Figure 10 shows the temperature distribution inside the tunnel for the air inside the corridor and the surrounding soil along the tunnel length after 30 days of ventilation in case 4 and case 5. After this period of heat exchange, the tunnel outlet temperatures stabilized, indicating effective control of the heat transfer process. It is noted here that the elevated air temperatures within the tunnel significantly impacted the surrounding shallow soil, especially the soil above the tunnel. However, the outlet temperature of the 200 m tunnel was noticeably lower compared to the 100 m tunnel.
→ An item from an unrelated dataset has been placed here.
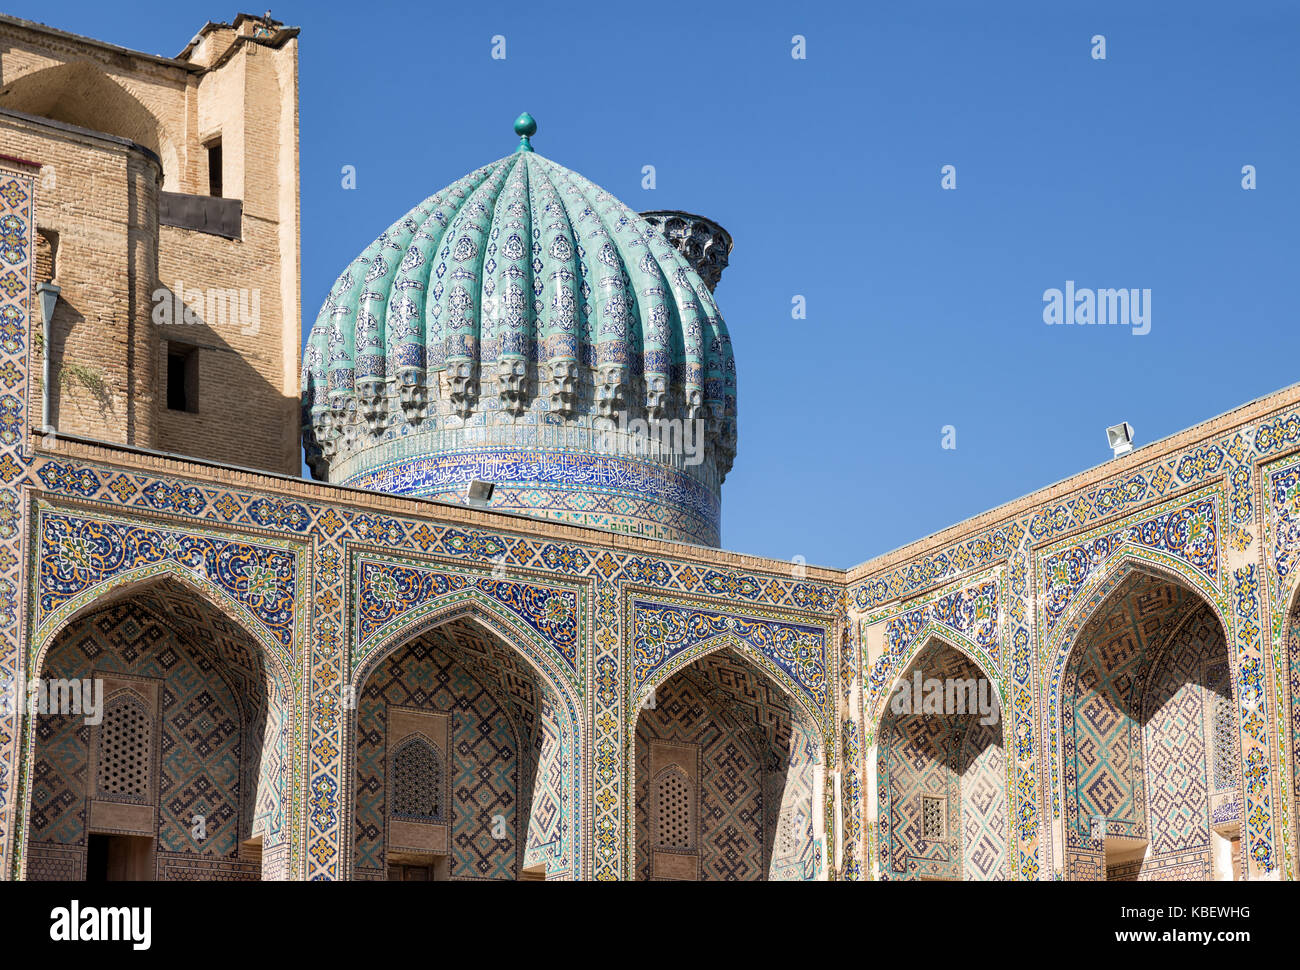 Dome and gallery on the second floor of Madrasah Sher-Dor courtyard. Samarkand, Uzbekistan Stock Photo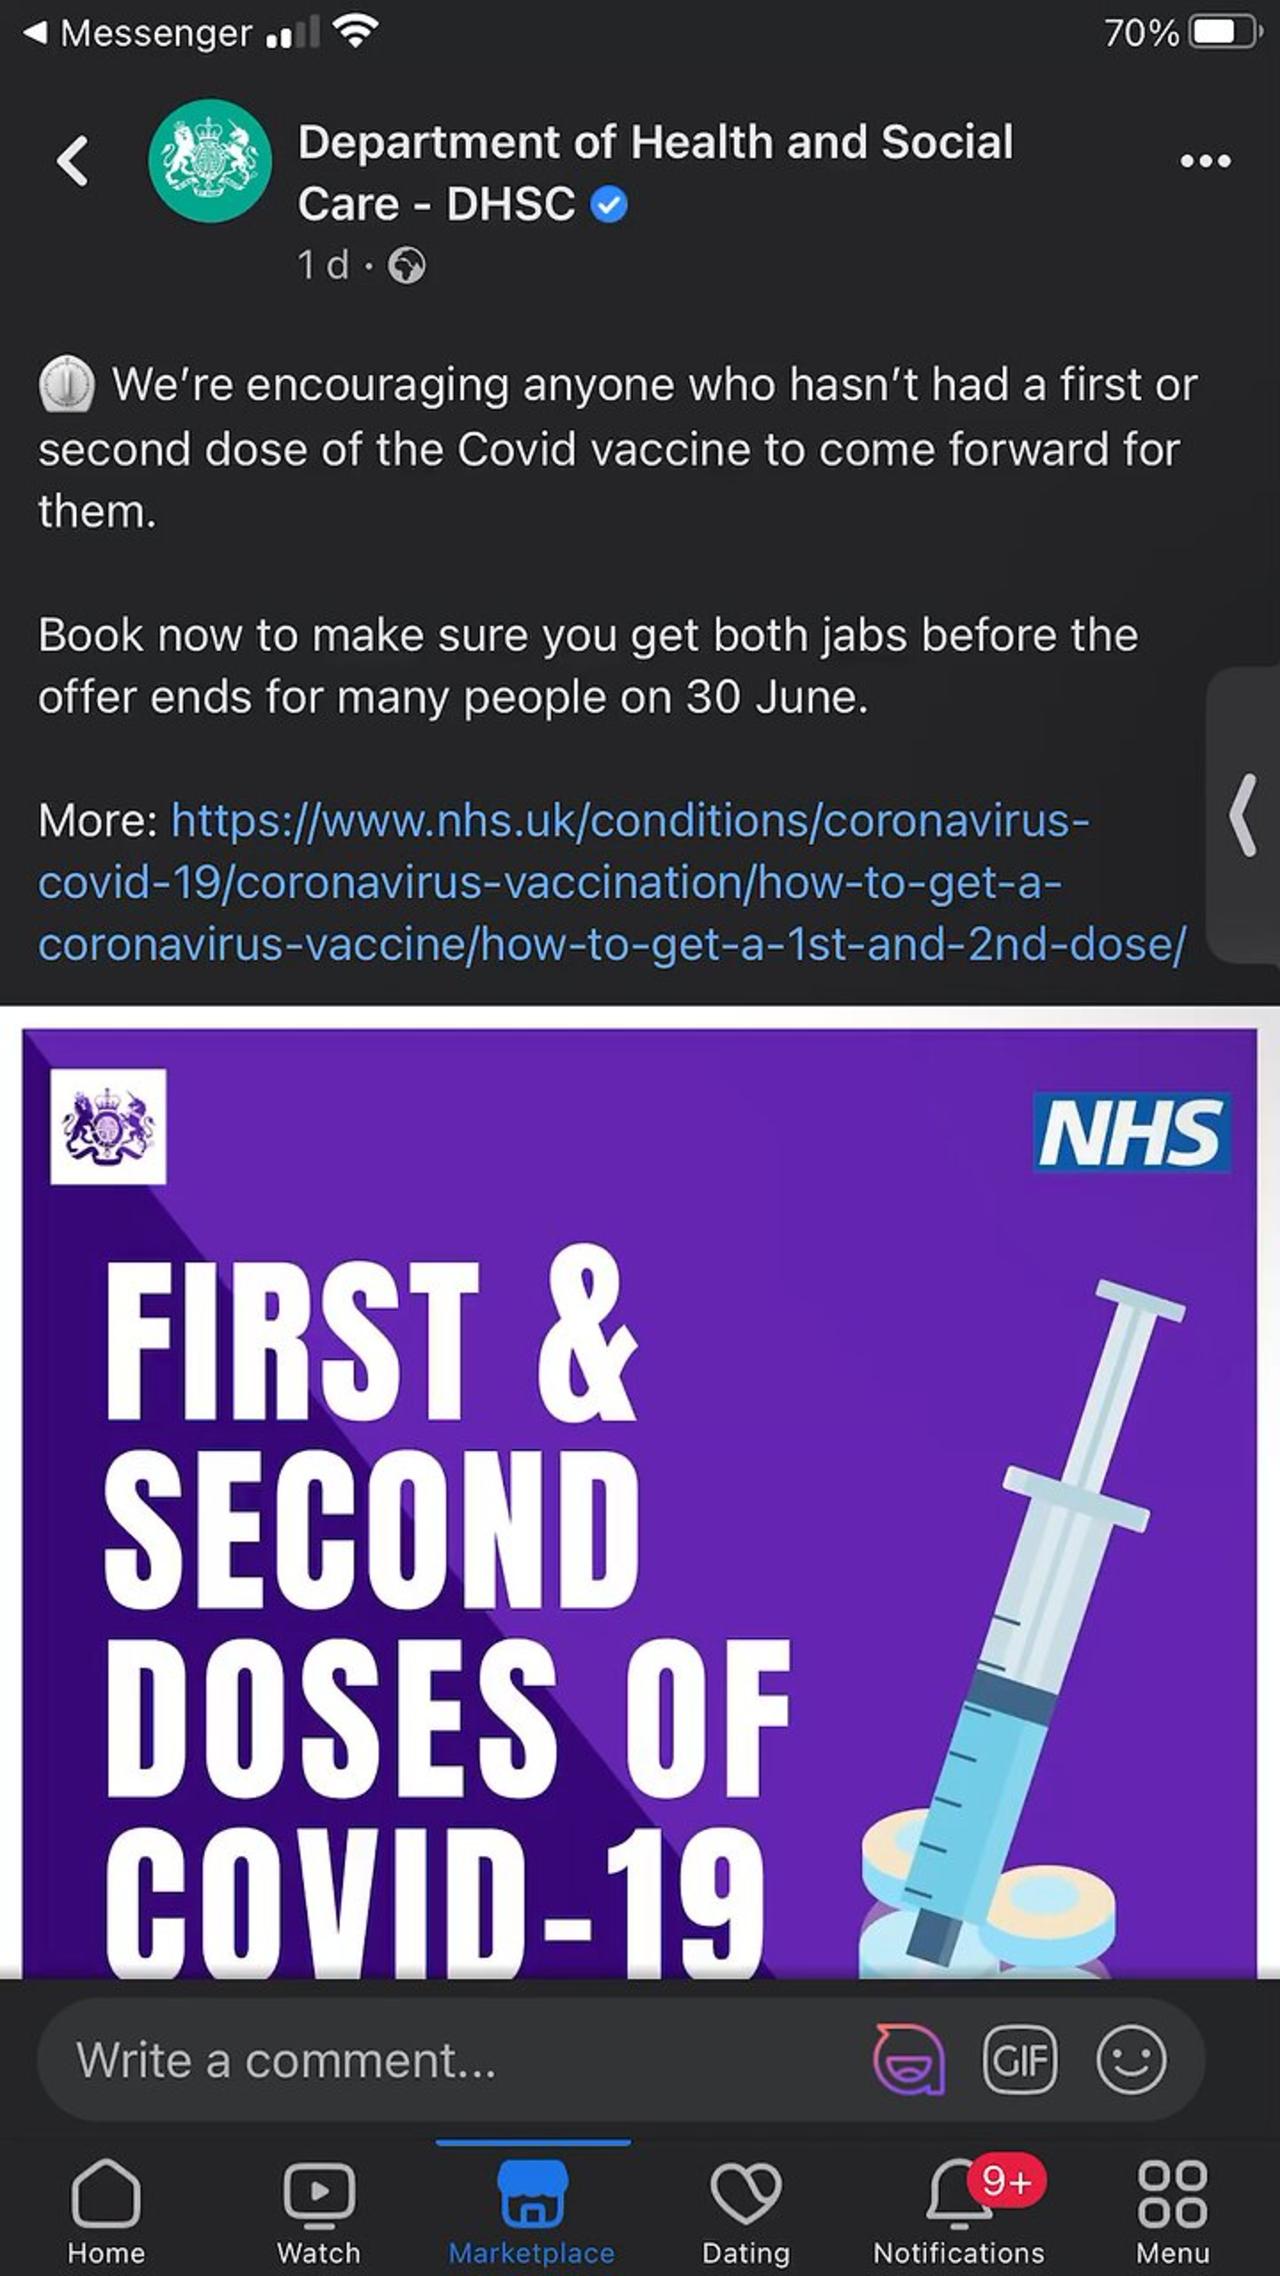 DHSC : Department of Health and Social Care is inviting 5 y and up: 1 st and 2 nd Covid vaccines

This indicates that a longer tunnel length results in improved cooling performance under the same air change rate.
As presented in Figure 11 and Table 7, under the same ventilation conditions, the air temperature in case 4 and case 5 rapidly drops below 20 °C and then rises. After 3 h of ventilation, the outlet temperature reaches a stable level. The outlet temperature of the 200 m tunnel in case 5 was 2.5 °C lower than that of the 100 m tunnel (Case 4) after 3 h of ventilation. This indicates that a longer tunnel not only results in lower air temperatures at the outlet but also enhances overall heat transfer. Additionally, for case 4, 3 h of ventilation reduced the outdoor air temperature from 33.5 °C to 27.8 °C, representing a decrease of 5.7 °C. However, it is shown that after 30 days of continuous ventilation, the average outlet temperature was 30.9 °C, only 2.6 °C below the inlet temperature. This highlights a significant reduction in cooling efficiency and heat transfer effectiveness. On the other hand, the heat transfer capacity reported for case 5 was around 1.5 times that of case 4. The findings of this study indicate that while longer tunnels enhance heat transfer, practical constraints such as ventilation placement and fire safety regulations limit the maximum feasible length of heat exchange tunnels.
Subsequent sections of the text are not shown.